The problem is :Solve the given system of equations involving the parameter a :
$$x+y+az=1\\ x+ay+z=a\\ ax+y+z=a^2\\ ax+ay+az=a^3 .$$
I tried to solve this using the Gaussian method but I'm stuck because this is $4\times3$ matrix, and the Gaussian process is used for square matrix ? Please help.....
On
recommend rewriting the first three in order $$ ax+y+z=a^2\\ x+ay+z=a\\ x+y+az=1 $$
since the eigenvalues, determinant, and inverse (when there is one) of $$ \left( \begin{array}{ccc} a & 1 & 1\\ 1 & a & 1 \\ 1 & 1 & a \end{array} \right) $$ are pretty easy to find.

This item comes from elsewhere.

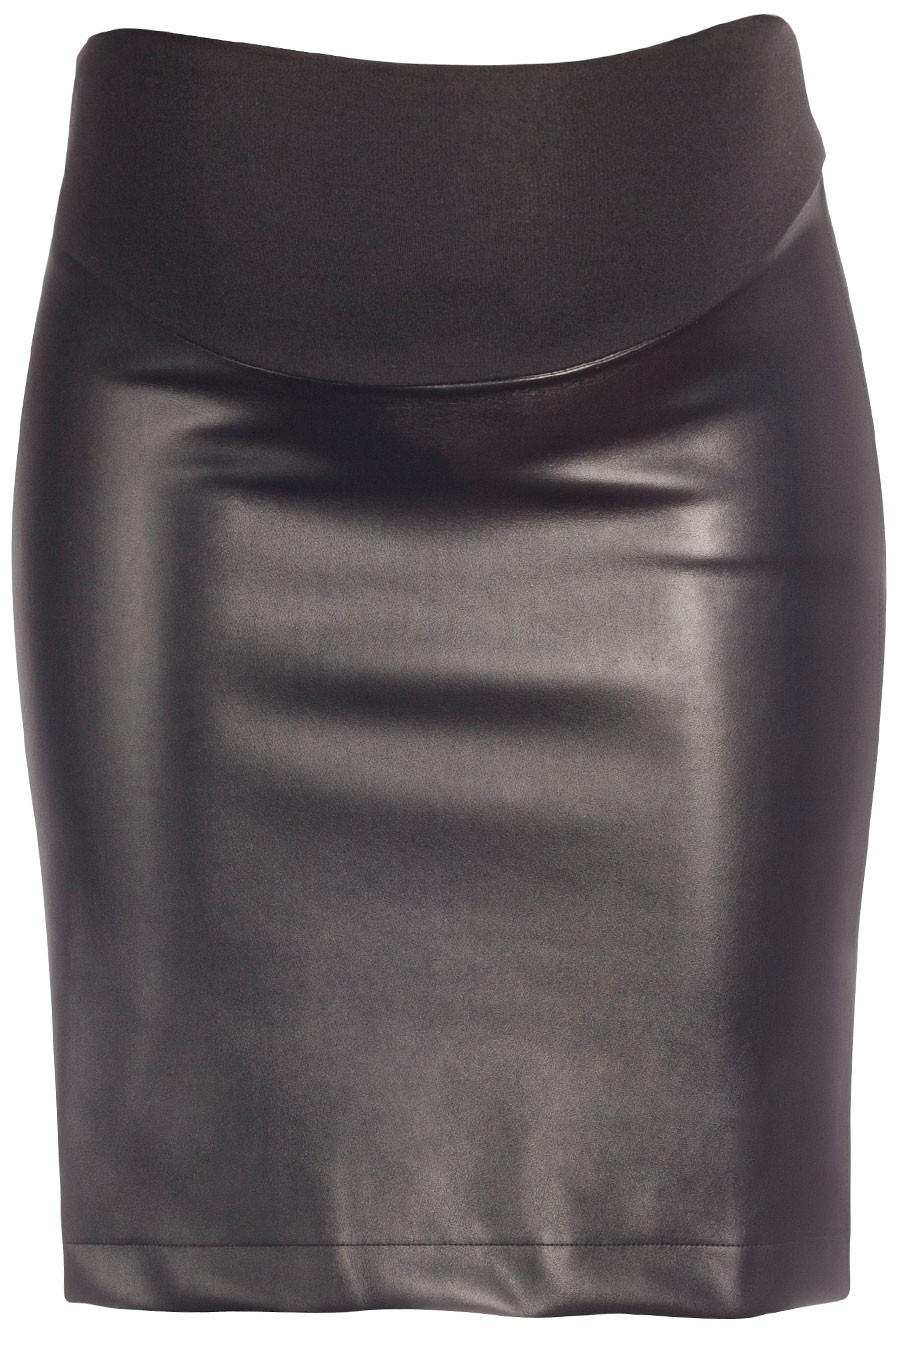 ST. MORITZ Faux Leather Mini Skirt
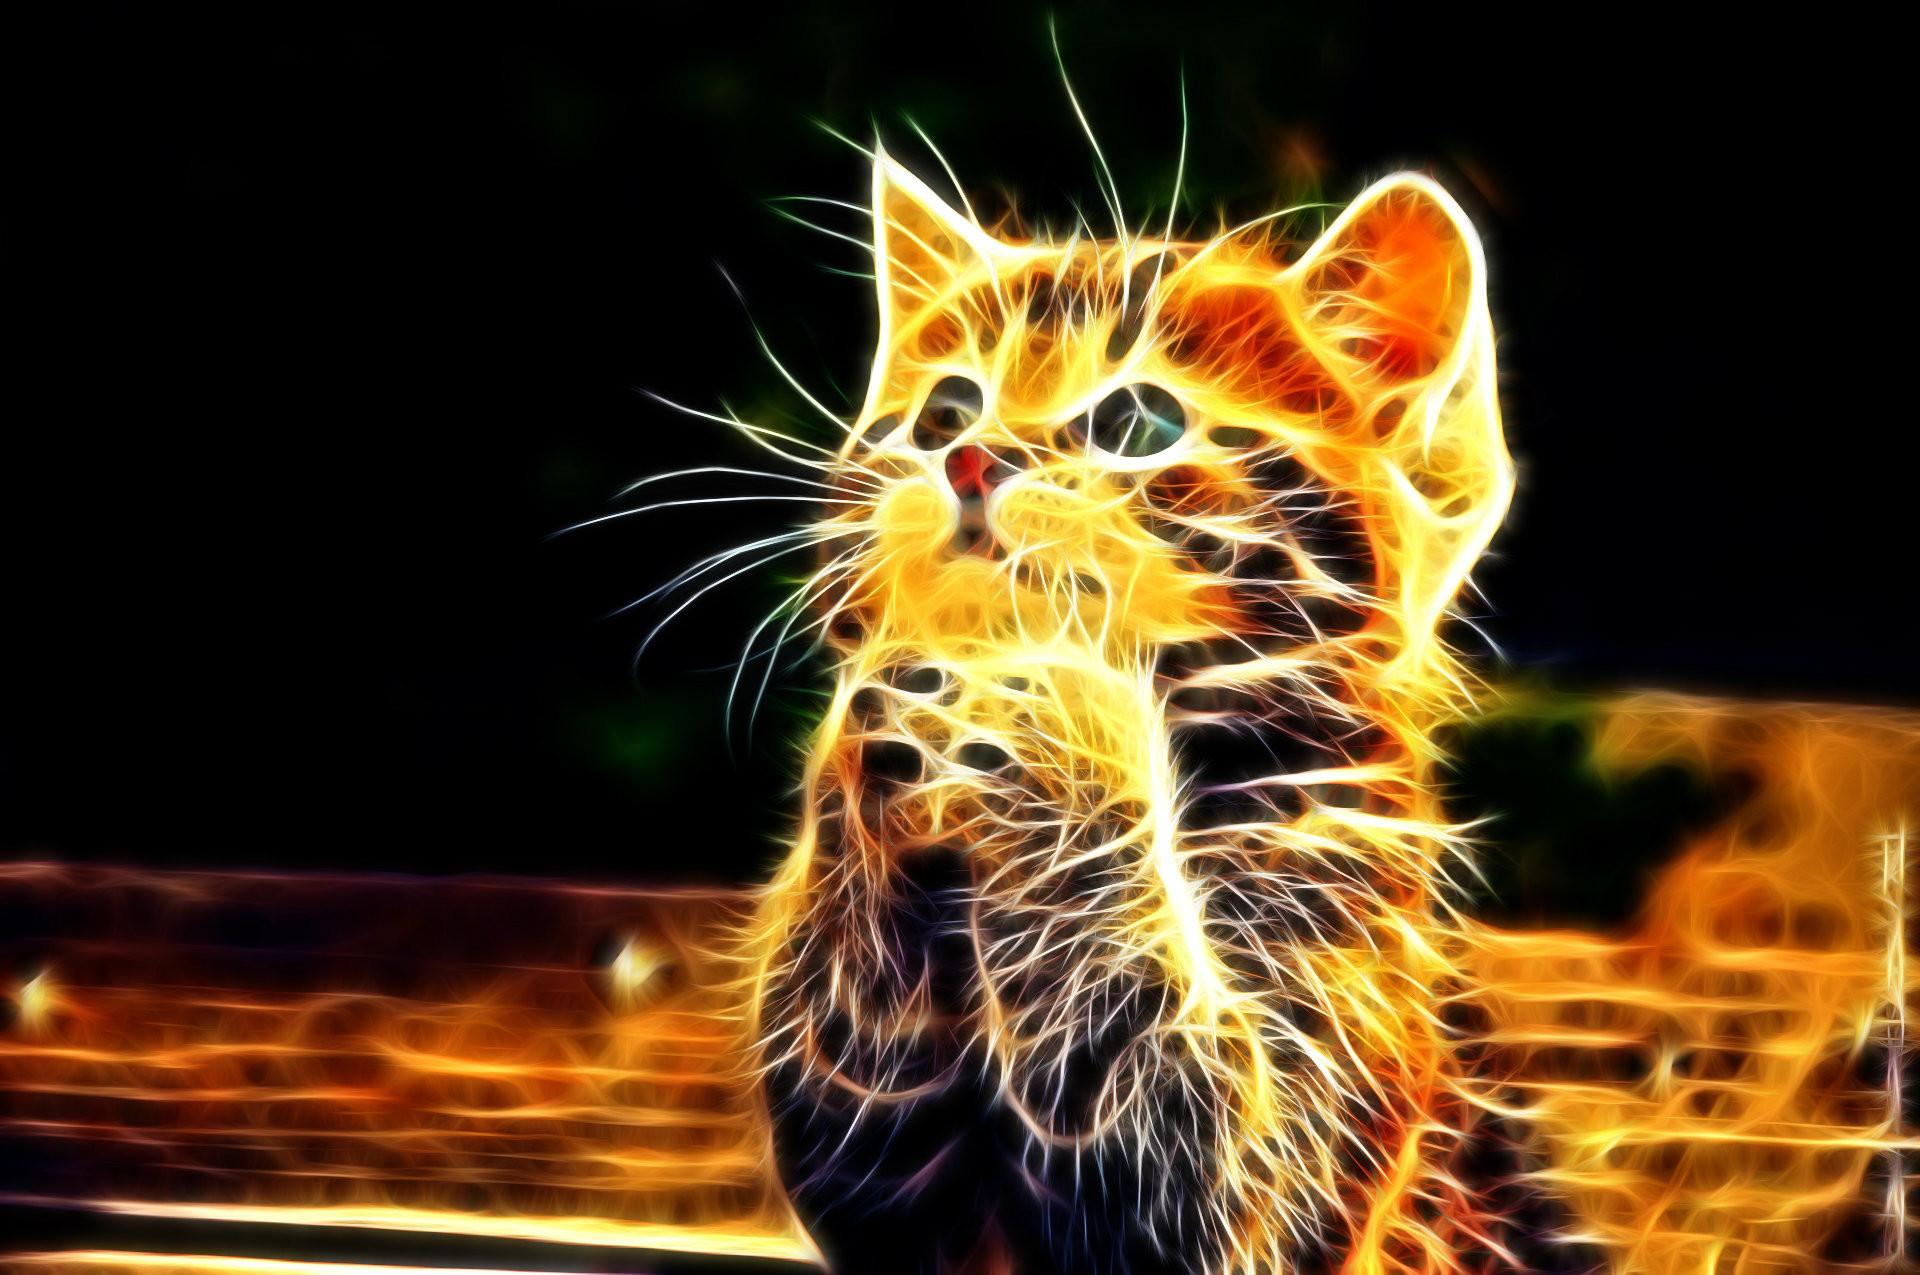 Cat Abstract HD Wallpaper

It is of the form $ T +(a-1)I,$ where $T$ is the 3 by 3 matrix consisting of all entries equal to $1.$
Now that i think of it, the matrix has no inverse when $a=1$ or $a=-2,$ you might as well do those two cases using the actual numbers involved, no symbols.
On
Subsitute $y=1-x-az$ from the first equation and then $z= - (a - x + 1)$ from the second equation, assuming $a\neq 1$. Then the third equation gives $x=(a^2+2a+1)/(a+2)$, the case $a=-2$ being impossible. Then the fourth equation gives $$ a(a+1)(a-1)=0. $$ For $a=0$ we have a $3\times 3$ system with unique solution $(x,y,z)=(\frac{1}{2},-\frac{1}{2},\frac{1}{2})$. For $a=1$ we obtain $(x,y,z)=(1-y-z,y,z)$ with two free parameters $x,y$. Otherwise it follows that $a=-1$ and $(x,y,z)=(0,1,0)$.
You can solve the system formed by the first three equations, which will let you express $x,y,z$ as a function of $a$.
Then plugging these expressions in the fourth equation, you will get a condition on $a$ for the system to be resolvable.